● **What is required**:
Each line of the listing below must be retyped exactly, with images left out.

● **Dataset section**:

- - -

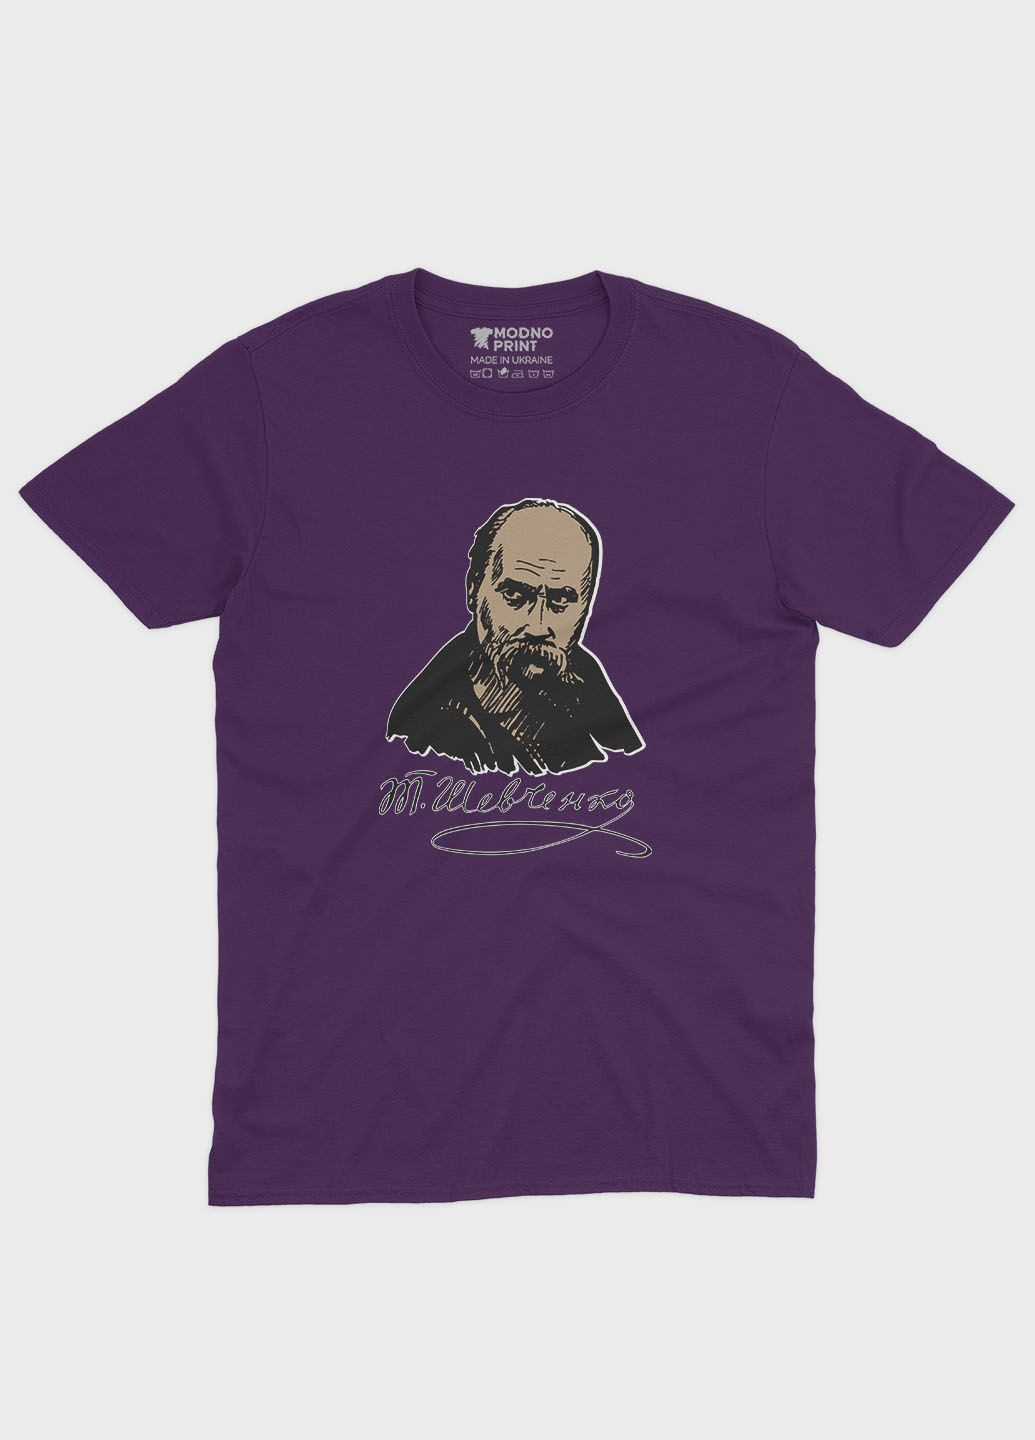 Фиолетовая мужская футболка с патриотическим принтом тарас шевченко (ts001-2-dby-005-1-054) Modno
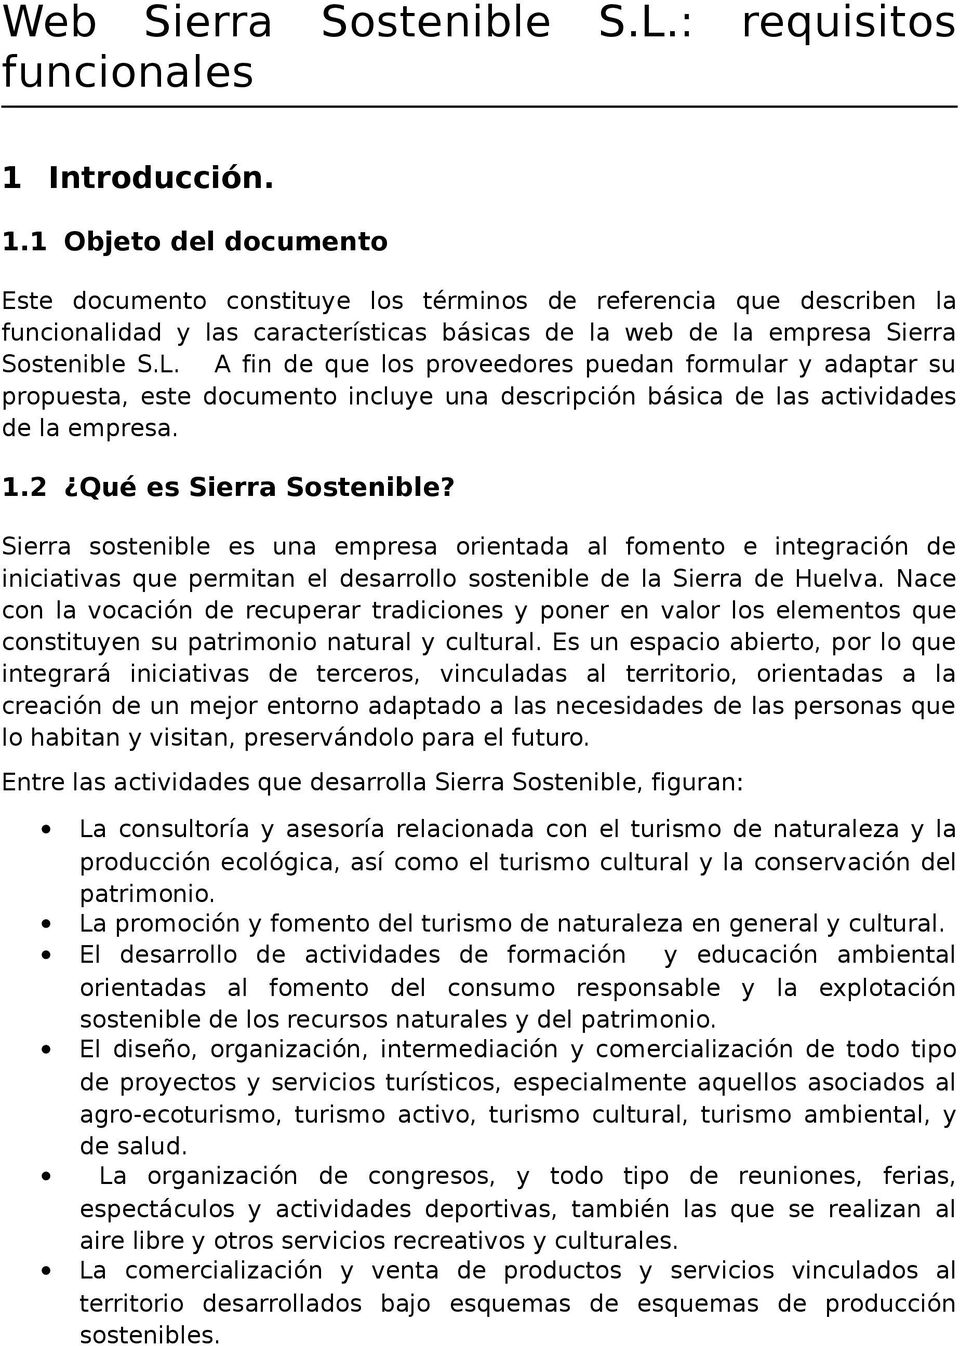 A fin de que los proveedores puedan formular y adaptar su propuesta, este documento incluye una descripción básica de las actividades de la empresa. 1.2 Qué es Sierra Sostenible?
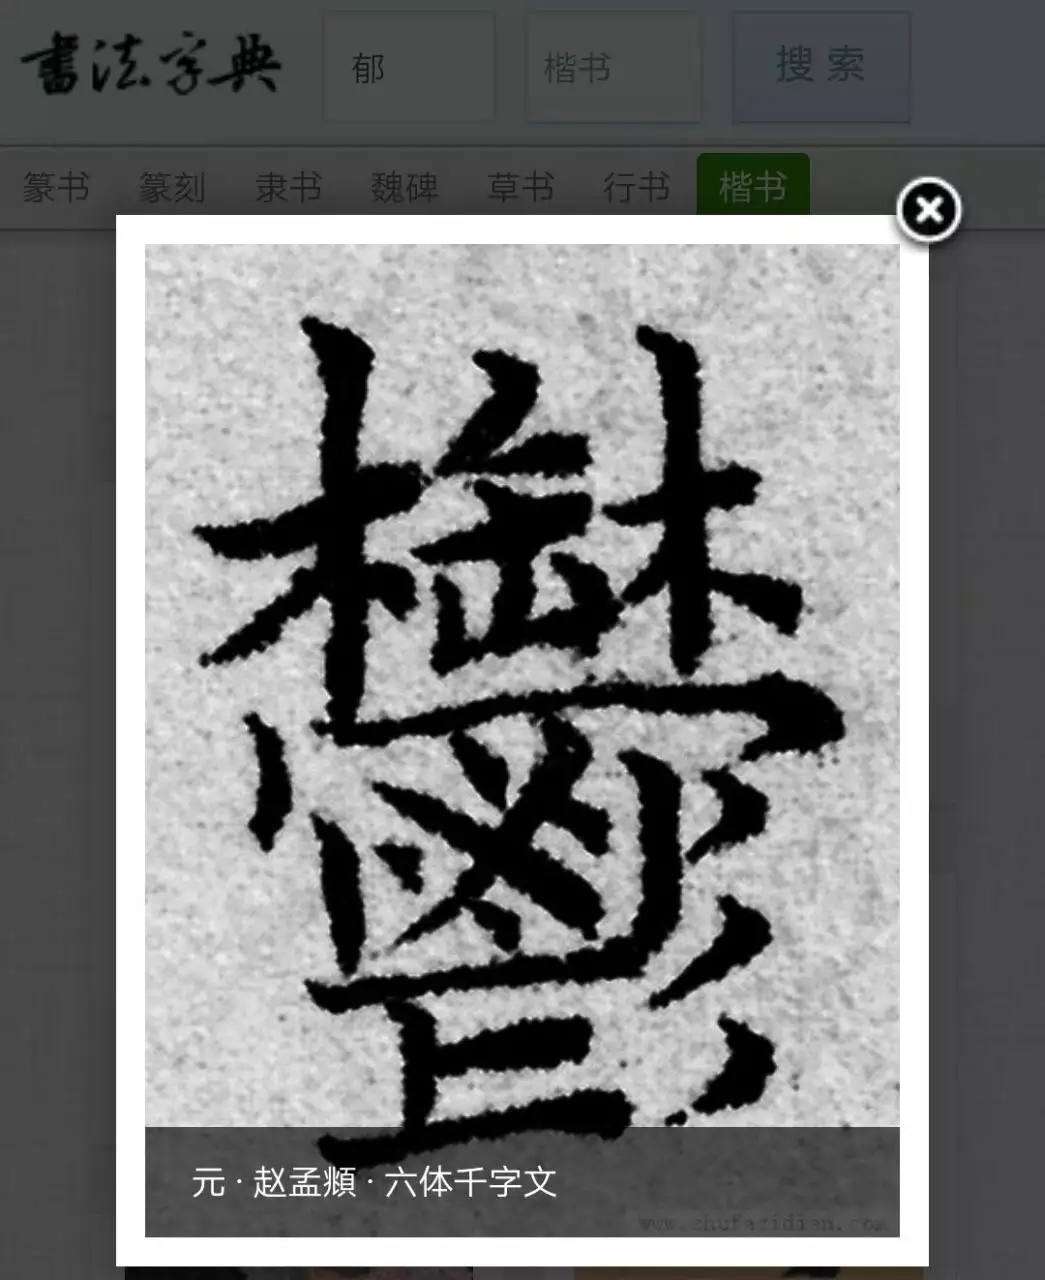 4、繁体字大全个最难写:中国最难写的繁体字是什么？简体字呢？

- - -

● **Your solution**:
 Фиолетовая мужская футболка с патриотическим принтом тарас шевченко (ts001-2-dby-005-1-054) Modno
 A fin de que los proveedores puedan formular y adaptar su propuesta, este documento incluye una descripción básica de las actividades de la empresa. 1.2 Qué es Sierra Sostenible?
 4、繁体字大全个最难写:中国最难写的繁体字是什么？简体字呢？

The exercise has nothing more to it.